Advantages of Multiple Emulsions:
a. They can mask the bitter taste and odor of drugs, thereby making them more edible. E.g. Castor oil, Cod-liver oil, Chloroquine Phosphate etc.
b. They can be used to extend the release of the drug thereby as long as sustained release action.
c. Vital nutrients like carbohydrates, fats and vitamins can all be emulsified and can be administered to bed ridden patients as sterile intravenous emulsions.
d. Emulsions offer protection to drugs which are vulnerable to oxidation or hydrolysis.
e. Intravenous emulsions of contrast media have been developed to assist in diagnosis.
f. Emulsions are used broadly to formulate externally used products like lotions, creams, liniments.
g. Improvement of enteric or dermal absorption. 
Limitations of multiple emulsions:
The main difficulty associated with multiple emulsions is their thermodynamic instability and their complex structure, which has severely inadequate their usefulness in the many applications of multiple emulsions.
Types of Multiple Emulsions:
The two primary types of multiple emulsions are the water-oil-water (w/o/w) and oil-water-oil
(o/w/o) double emulsions.
Water-in-Oil-in-Water (W/O/W) Emulsion System:
In W/O/W system, an organic phase(hydrophobic) separates internal and external aqueous phase. In other words, W/O/W is a system in which oil droplets may be surrounded by an aqueous phase, which in turn encloses one or several water droplets.
Oil-in-Water-in-Oil (O/W/O) Emulsion System:
In O/W/O systems, an aqueous phase(hydrophilic) separates internal and external oil phase. In other words, O/W/O is a system in which water droplets may be surrounded in oil phase, which in turn encloses one or more oil droplets.
Figure 1: Schematic Representation of AW/O/W Double Emulsion Droplet W/O/W Double Emulsion Droplet.
The objectives will be to create a multiple emulsion system that has a high yield of multiple droplets containing the drug entrappedin the innermost phase, and for such a system to have good stability in vitro and the desired release characteristics in vivo.
Formulation of Multiple Emulsions:
Florence and Whitehil described three different types of multiple emulsions, which they termed A, B, and C. Type A multiple emulsions were those in which only one large internal drop was contained in the secondary emulsion droplet. In type B emulsions, there were several small internal droplets controlled in the secondary emulsion droplet, and type C emulsions were those with a large number of internal droplets present. Only the type C systems have applications in drug delivery and drug targeting.

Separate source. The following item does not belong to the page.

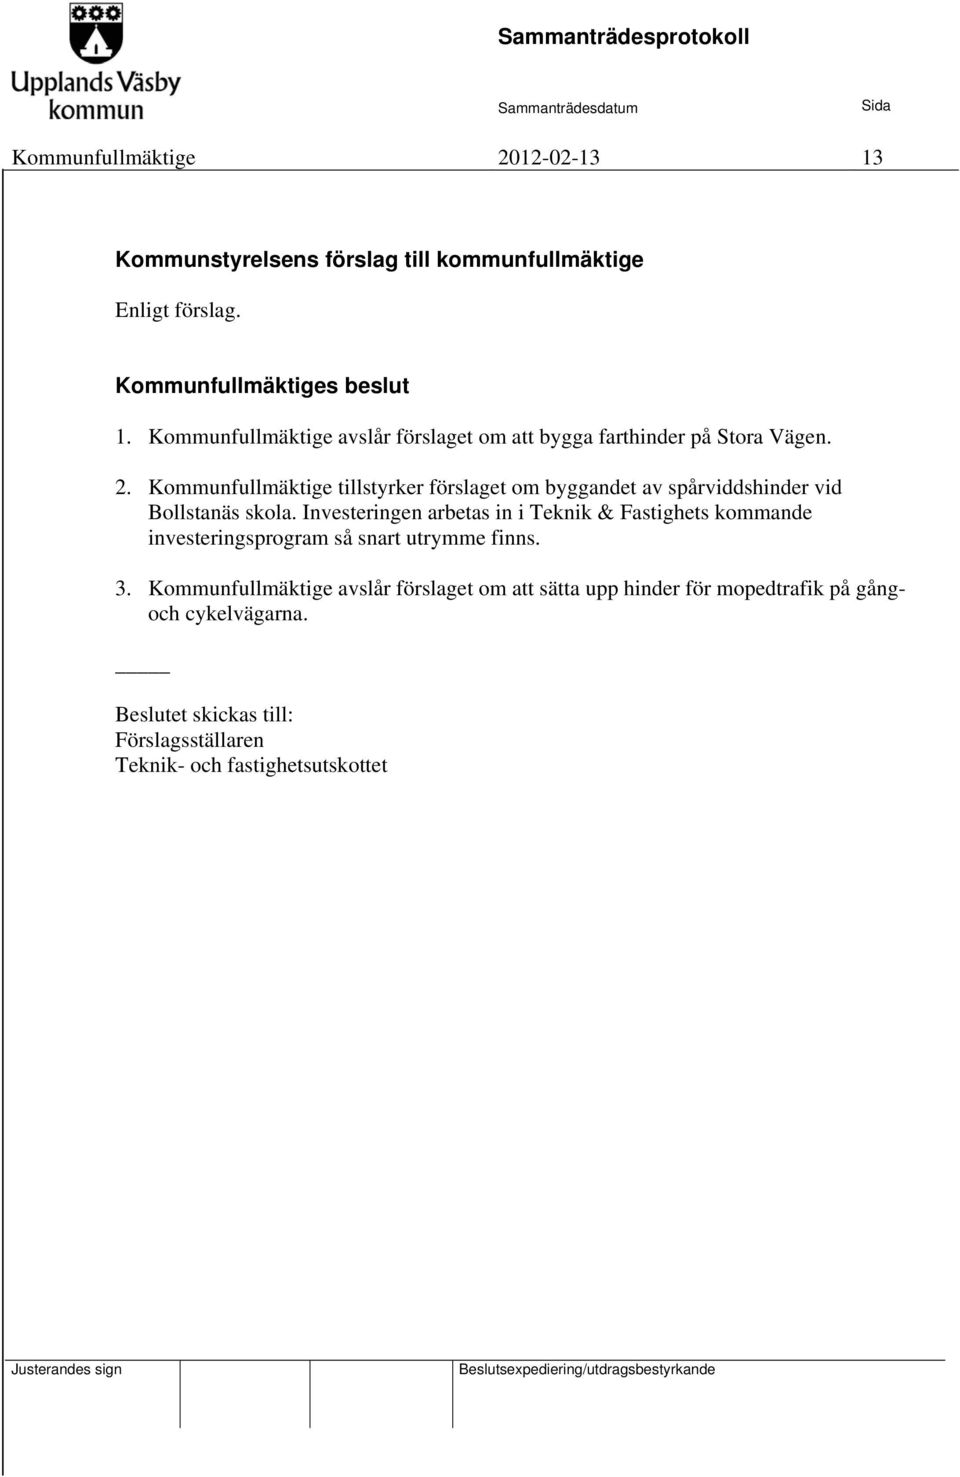 Kommunfullmäktige tillstyrker förslaget om byggandet av spårviddshinder vid Bollstanäs skola.

The oil phase to be employed in a pharmaceutical emulsion must be nontoxic. A variety of oils of vegetable origin (soybean, sesame, peanut, safflower, etc.) are satisfactory if light liquid paraffin, squalane, as well as esters of fatty acids (ethyl oleate and isopropylmyristate) have also been used in double emulsions 1. Oils derived from vegetable sources are biodegradable, whereas those based on mineral oils are only removed from the body very slowly.
As a universal rule, mineral oils produced more stable multiple emulsions (w/o/w) than those produced from vegetable oils 2. The order of decreasing stability and percentage entrapment has been found to be light liquid paraffin >squalane > sesame oil > maize or peanut oil.
Nature and Quantity of Emulsifying Agents:
Two different emulsifiers (lipohilic and hydrophilic) are necessary to form a stable emulsion. In general, for a w/o/w emulsion the optimal HLB value will be in the range 2-7 for the primary surfactant and in the range 6-16 for the secondary surfactant. The concentration of the emulsifiers can also be varied. Too little eemulsifier may result in unbalanced systems, whereas too much emulsifier may lead to toxic effects and can even cause deterioration. An excess of lipophilic surfactant can cause the inversion of w/o/w emulsion to simple o/w emulsion.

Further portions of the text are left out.